Ben Zimmer has already written about Rawlinson Poetry 148 in The Atlantic, pointing out that the context of That Word is a scabrous verse left to us by one John Lilliat.

As the holiday season recedes from us at light speed, it’s comforting to know that the first occurrence of That Word is a bit of doggerel that reads like “The 12 Days of Christmas” with poop jokes in every line. It begins “ten tuff Turds.” The melody is up to you.  (You can even consult the annotated text, published in 1985 by the University of Delaware Press and edited by Edward Doughtie.

The early 17th century might have been the dawn of poop jokes in printed English literature (at least one of the dawns in this perennial genre). In his great 1614 comedy Bartholomew Fair, Ben Jonson created a bad-tempered character who is given to the expletive “a turd i’ your teeth” — more or less an order to eat feces. You can see how polite I’m being.

The bunghole, a standard feature of a drum or barrel, became a vulgar name for one’s bottom at least by 1653, when Thomas Urquhart translated Rabelais’s riotous and deeply strange Gargantua and Pantagruel into riotous, deeply strange English.

There are lots more vulgarisms in the x+hole format. Even readers of Lingua Franca will have heard them. And there are other words in the x+hole formula that seem to flirt with nastiness rather than diving in.

You may know the expression cakehole or piehole, an English vulgarism for the mouth. “Shut your cakehole!” is an expression I’m sure I first heard on the classic Britcom Are You Being Served? 

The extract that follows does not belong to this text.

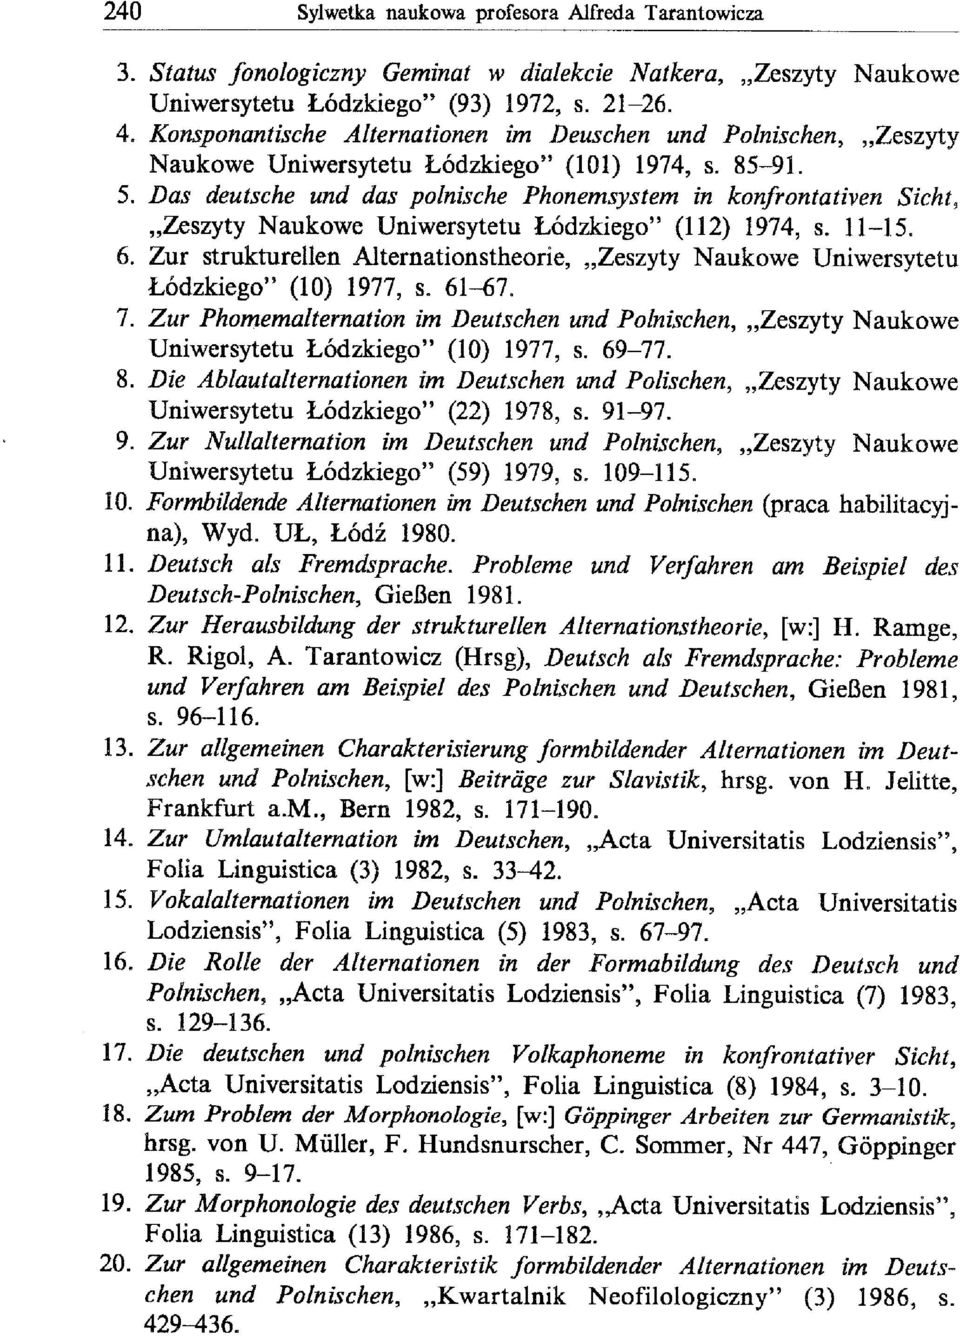 Das deutsche und das polnische Phonemsystem in konfrontativen Sicht, "Zeszyty Naukowe Uniwersytetu Łódzkiego" (112) 1974, s. 11-15. 6.

Then there’s The Onion, which publishes Clickhole, a parody of clickbait, and maybe inaugurated click+noun, a new verbal construct for our distracted times. 

But to the vulgarism of the moment: One of the most interesting features of That Word is the response of the media. Who can say it on television? Can it show up silently on the crawl? Could it be OK in text but not in a headline? What publications require the visual display s—hole or maybe the starry form  s***hole?

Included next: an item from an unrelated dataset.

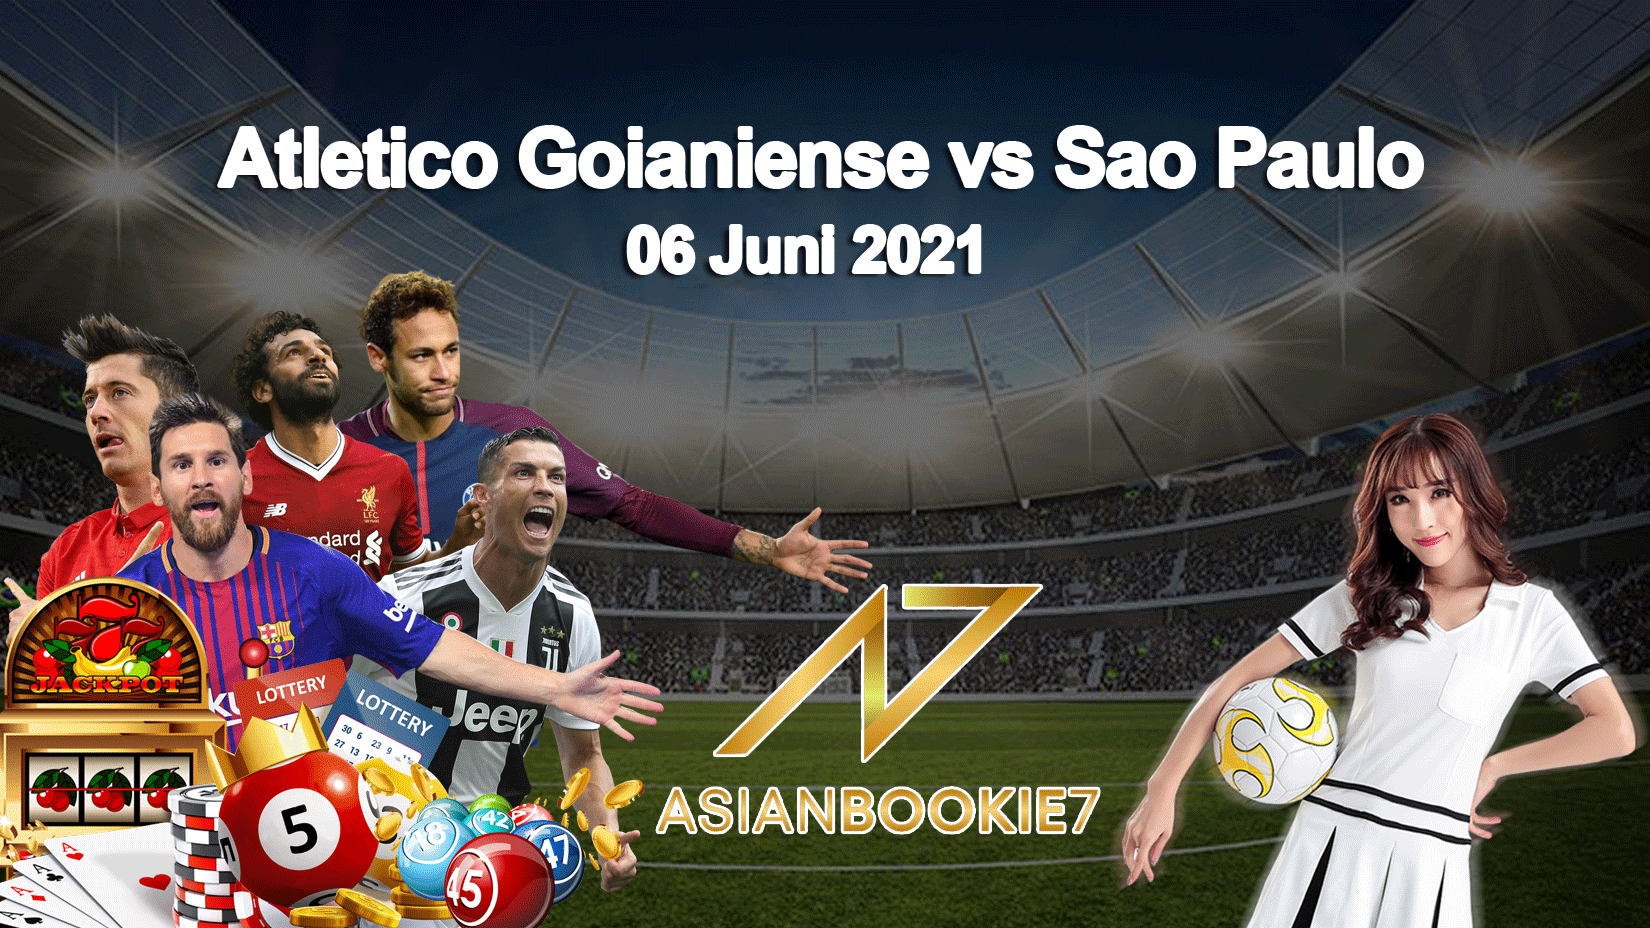 Prediksi Atletico Goianiense vs Sao Paulo 06 Juni 2021

Indeed, The New York Times and other gray ladies of the fourth estate must now figure out whether That Word either remains verboten or can now be safely printed (at what risk? of alienating the same readers who are encountering it in social media or other outlets?). Time, and possibly Time, will tell.

Meanwhile, in The Washington Post an article by Samantha Schmidt reports on how non-Anglophone publications are struggling to translate That Word when used as a modifier for countries.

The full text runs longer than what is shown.